The Game Of Empire, CHAPTER SEVENTEEN.
Diana Crowfeather and her companions fly in a transparent passenger cruiser to the mysterious island of Zacharia on the horizonless planet, Daedalus:
"She hoped that whatever happened would indeed be happy; but whatever it turned out to be, surely an adventure awaited her." (p. 368)
That sense of adventure in a new world is conveyed in:
Poul Anderson's Ensign Flandry (Dominic Flandry on Starkad, then Merseia);
SM Stirling's Conqistador, The Peshawar Lancers and The Sky People;
no doubt many other works (blog readers can make their own lists while I take a bus trip for the day).
3 comments:
Kaor, Paul!
I agree with the examples you cited, to which I would add Anderson's A CIRCUS OF HELLS. Lots of that sense of adventure in that story!
Ad astra! Sean
Of course, it's an adventure in retrospect.

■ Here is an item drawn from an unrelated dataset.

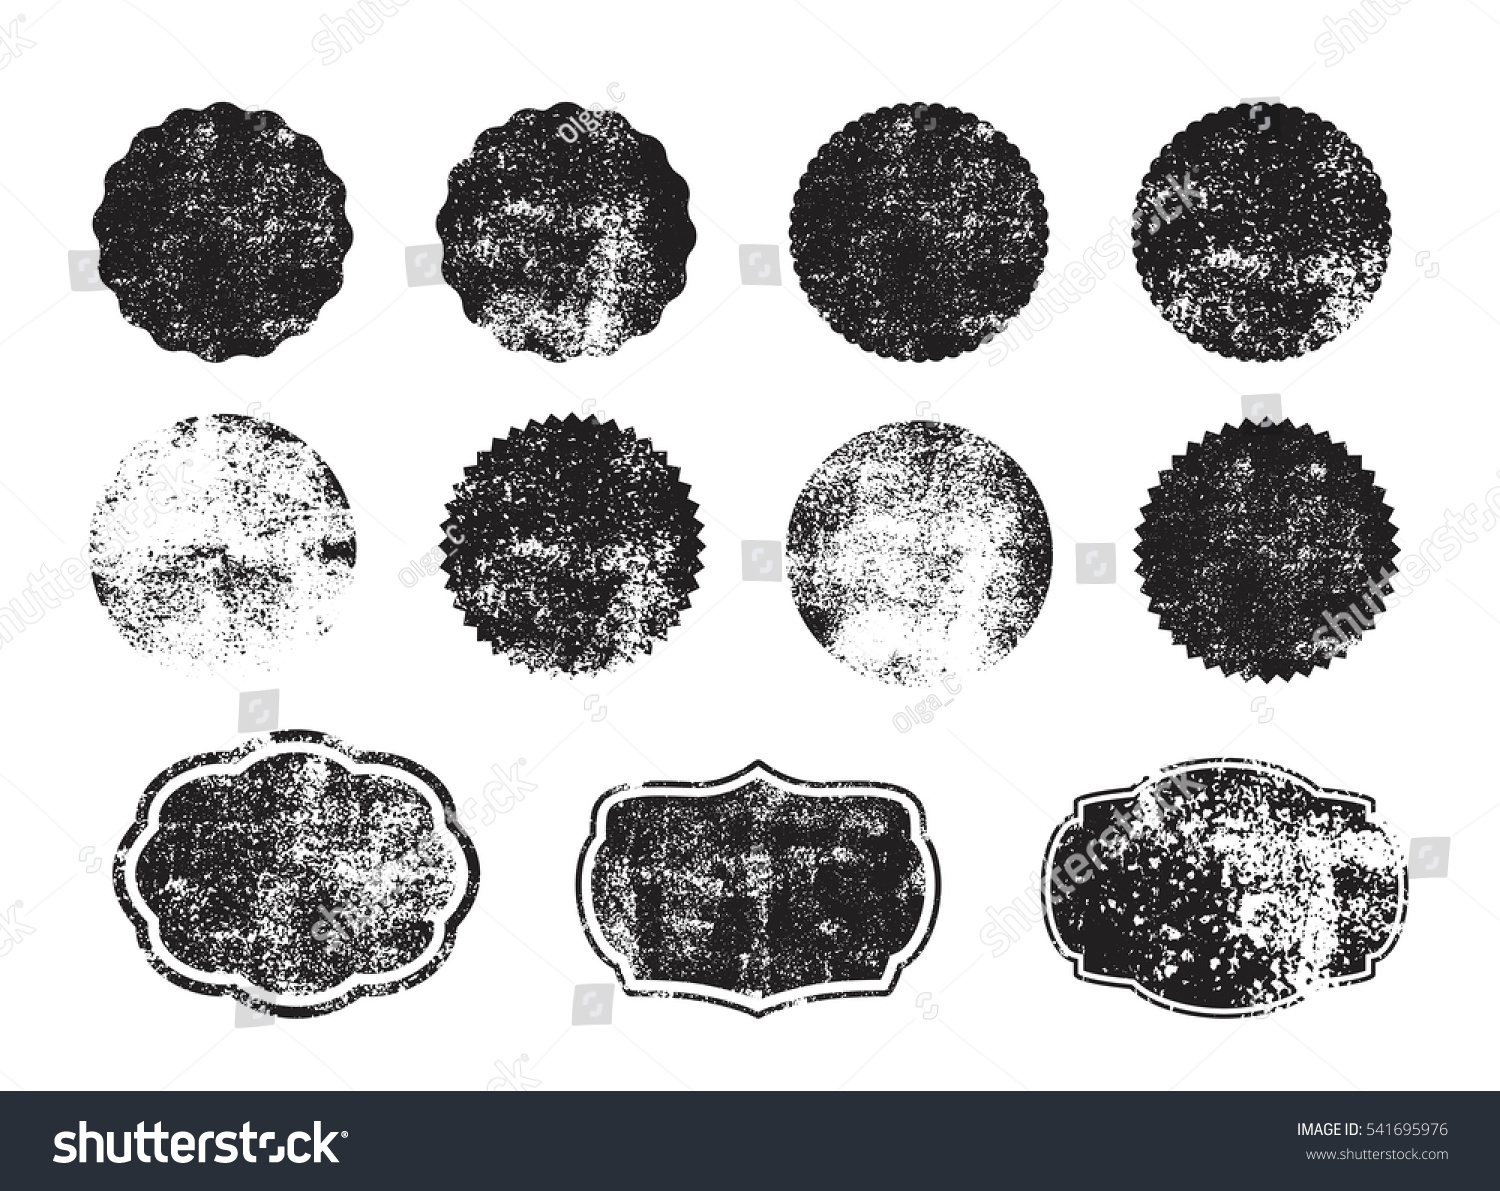 Collection of grunge circle shapes. Design elements for logo, branding, label. Old, dirty forms, frames. #541695976
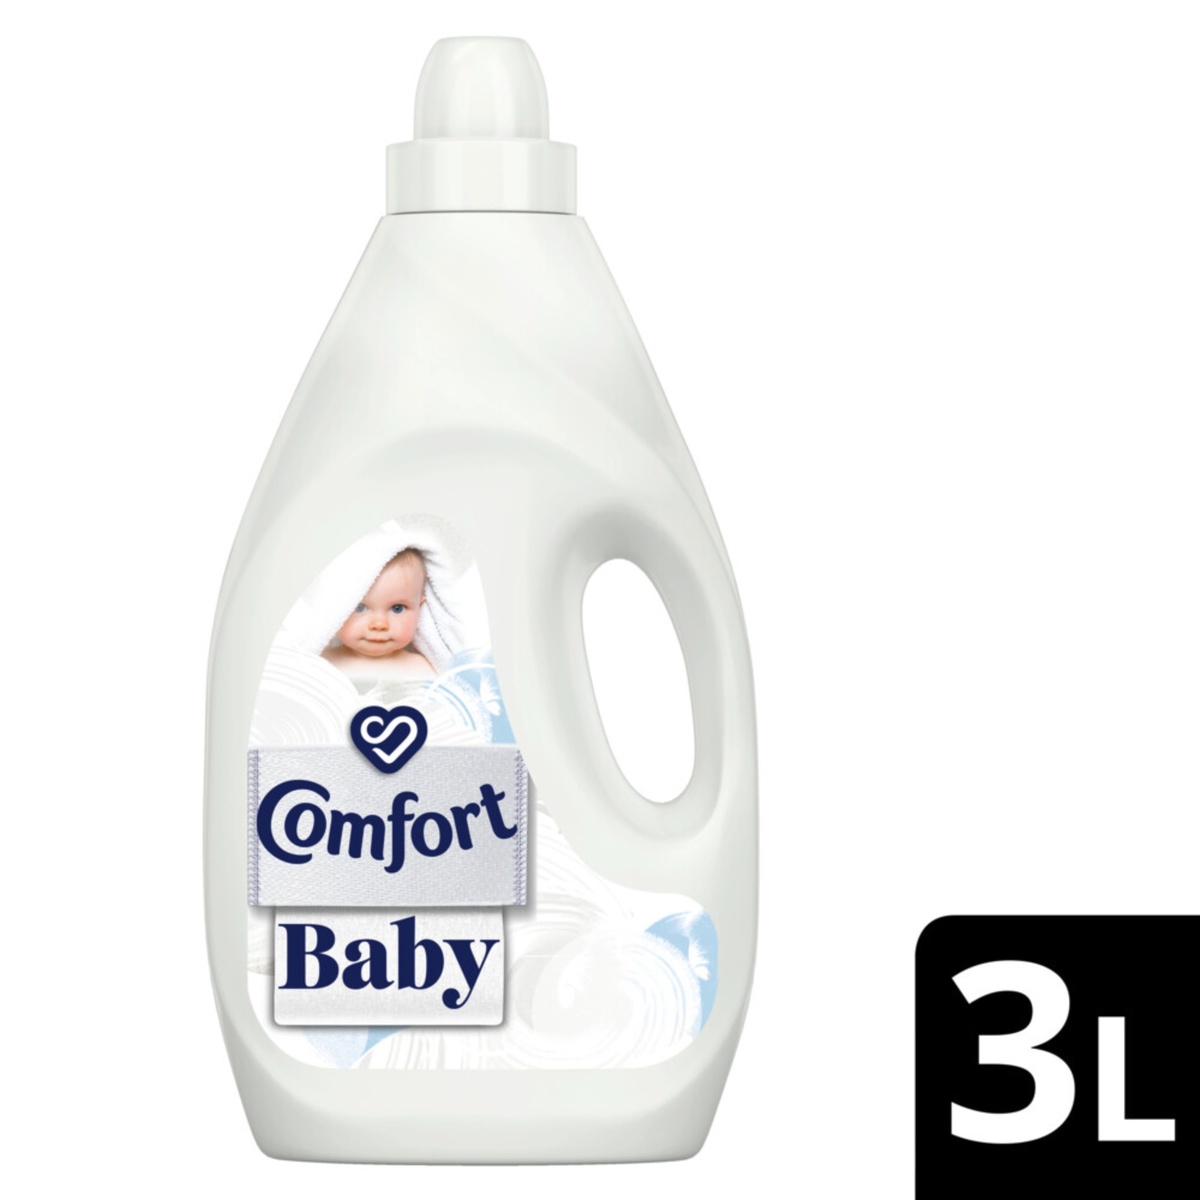 Comfort: Blue Skies Fabric Conditioner (Case of 2 x 3l 85 Washes

At the time, it's rather... different. You don't know the outcome.
I was charged by a rhinoceros once. That was an adventure... afterwards.
I got this idea from a father's friend describing a fairly desperate cat-and-mouse game they played as scouts in front of a Canadian division in the Low Countries in 1944, with the German rearguards.
"What an adventure!" I said, after he told the story.
"Yeah. It is now," he replied.
Kaor, Mr. Stirling!
The definition of an adventure: someone ELSE having a miserable time a hundred miles away.